One aspect of computer science I really like, but that I don’t get to talk about often, is that it makes clear the map-territory distinction. What we represent in a computer program (the map) is necessarily a simplification of the real thing we are trying to represent (the territory). This means we must pick our representations carefully, so that everything we want to capture can be expressed with that representation. The opposite problem – of having too expressive a representation – is only a problem if efficiency is necessary.
I think the general idea is something that even beginner students realize relatively quickly. In my previous post about diversity, I asked students to verify that a chapter and verse number from the Quran is valid, which means that their program (the map) must represent the chapter and the verse (the territory). This example is somewhat trivial, and even my current students will dismiss it as such. What I don’t think they realize, however, is that the principle runs deeper than that, and their choice of representation may have consequences that they did not foresee.
I decided to try and get this message across in the lab last week. We just covered classes and exception handling, so the first part of the lab asked them to write a program to survey the visitors on campus, and having functions that verify their input (name, age, gender, phone number, etc.). I helpfully provided short vignettes like this one:
- Rudolph Feierabend has lived in Eagle Rock/north-east LA since 1961, when his parents immigrated to the US, bringing then-seventeen Rolf in tow. He has been retired for a couple years now, and takes his husky lab Winston on walks through campus every so often. Although he has an email account email@example.com, Rolf says he doesn’t check it anymore and should just call him at home (323) 827-6316.
That was about the level of instruction I gave to students, leaving it up to them as to what they should check for. The object-oriented programming was straightforward, while students had to think through how they would verify the various fields. Some students made sure that names do not have punctuation, some students checked that a phone number had 10 or 11 digits (depending on whether the user typed “+1”), some students asked for the city and state of origin separately. Fairly standard programming exercise, took 1.5-2 hours, with just enough creative freedom to not be boring.
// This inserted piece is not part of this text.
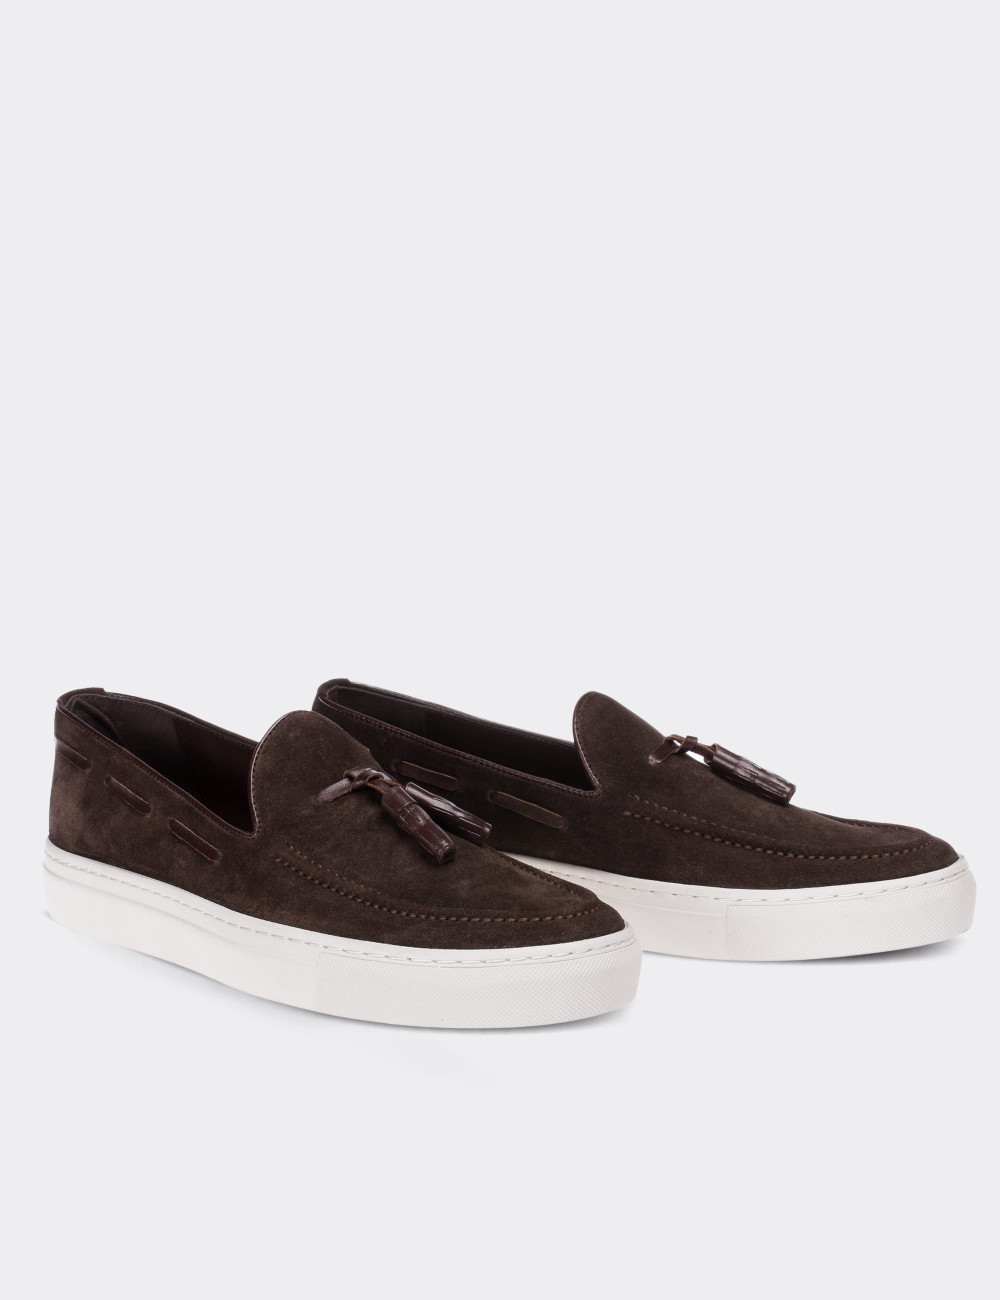 Brown Suede Leather Loafers - 01713MKHVC02

Once students showed me their code works (with me playing devil’s advocate on what they may want to rule out), the second part of the lab springs the trap. I gave students two new vignettes:
- Chun Ying Tsang (20) is an exchange student from Birmingham in England. He is here for the summer program, and only just moved into his dorm yesterday. Although Chun Ying has an email address (Terrif.Ying@yahoo.com), he only has his UK cell phone +44 075 9921 9264.
- Ash Reid-Chapman (33) has been invited to speak at an event co-hosted by CODE and Project SAFE. Drawing on personal experience growing up in Portage, MI, Ash will be talking the discrimination faced by the transgender community, and how allies can support those who are transitioning. Due to previous harassment, Ash refused to give out a phone number or an email, instead directing you to the National Center for Transgender Equality website.
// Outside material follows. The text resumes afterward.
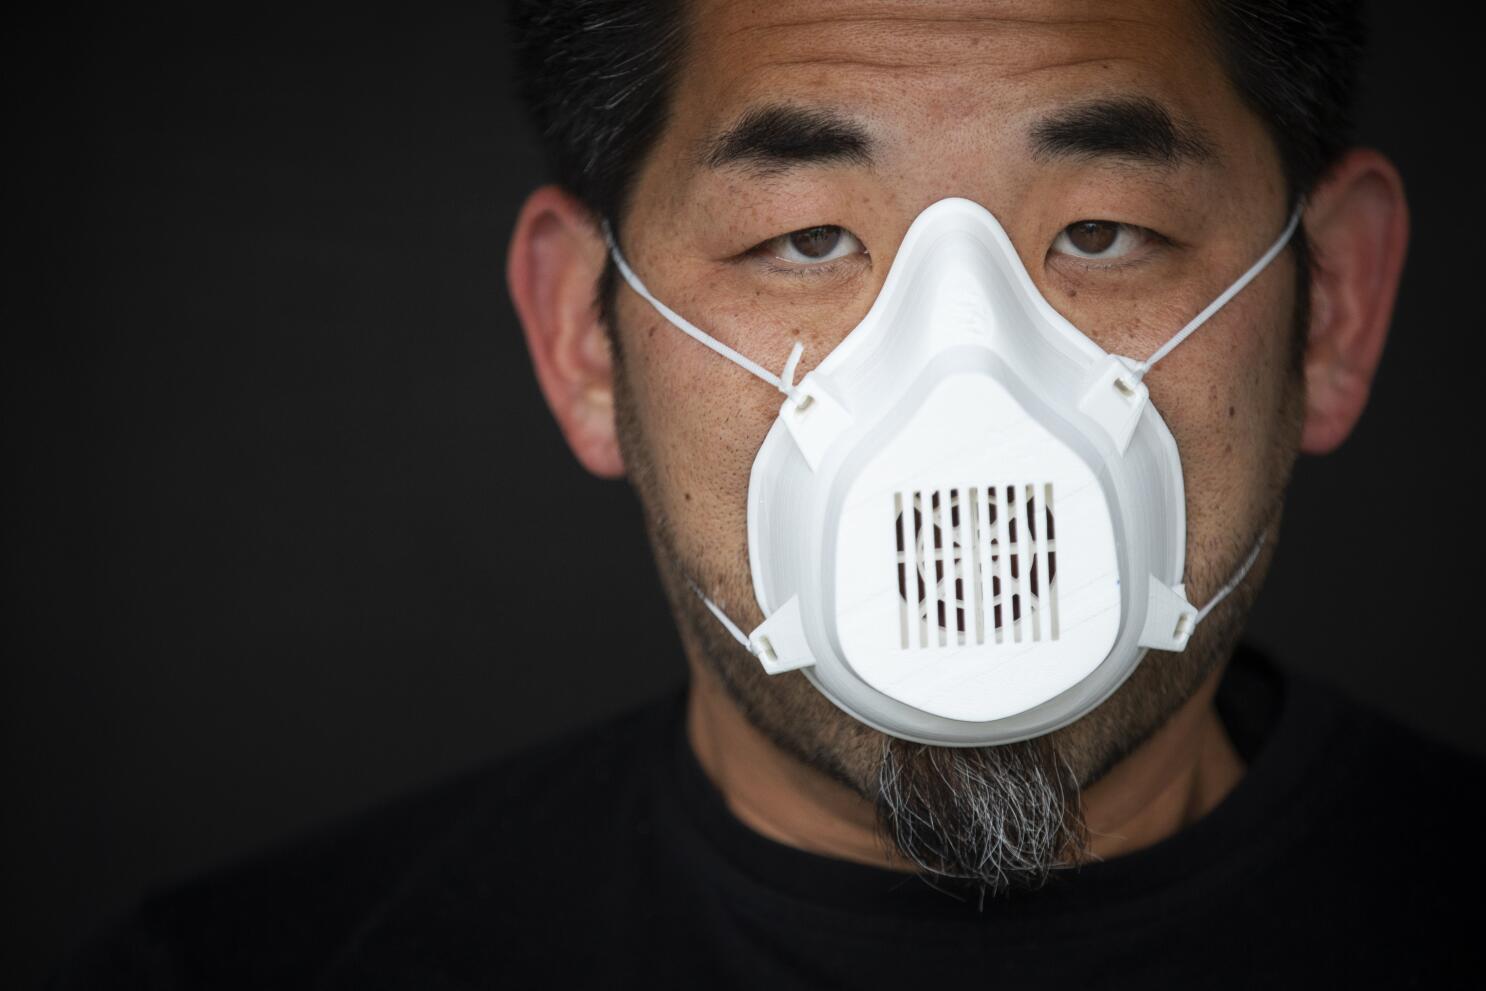 Would You Wear a Nose Mask? New COVID-19 Protective Gear Developed

The twist, of course, is that people are more complicated and diverse than students thought. My original vignettes deliberately depicted a homogeneous sample of visitors: single-word first and last names, easily identifiable as male or female, all with US phone numbers and places of origin. I had to be a little evasive with how I answer student questions – asking if they themselves would be happy with their checks if they needed the data – but everyone made at least one assumption that didn’t hold. The verification for gender caught the fewest students (although one or two pairs did enforce a binary gender), while the verification for phone number caught most groups (some groups allowed anything with seven or more digits). The hyphenated last name caught some groups that only allowed letters (I should have had a name with an apostrophe as well), and I don’t think a single group allowed the user to not provide an answer.
The lab actually goes one step further, by asking students if they can think of other kinds of information that may be distorted. Many students picked up on the issues of race (ie. what if you are bi-/multi-racial?); other students found more interesting examples with, such as how Facebook limits the types of “reactions” you can have, or how filters for swearing could accidentally ban real people/location names (aka. the Scunthorpe problem). The last question in the lab asks generally what students learned about computer science. From reading the students’ answers, I’m not convinced that even half of them realize how deep this map/territory disconnect could go, but I do think that at least some students understood the difficulty – or even the impossibility – of accurately representing the range of diversity that exists, or of not imposing any assumptions on the data you might get. And this is not even touching on the tradeoff between data validity and data representativeness.
I tweeted the night before that this may be my best lab yet, and I stand by that assessment now. This is an exercise that I’ve wanted to do since the beginning of the semester, and I’m really happy that it turned out well. To me, this is exactly the right mix of technical knowhow and broader impact that a computer science course (introductory or not) should have, especially in a liberal arts setting.
The instructions and code for this lab can be found on GitHub.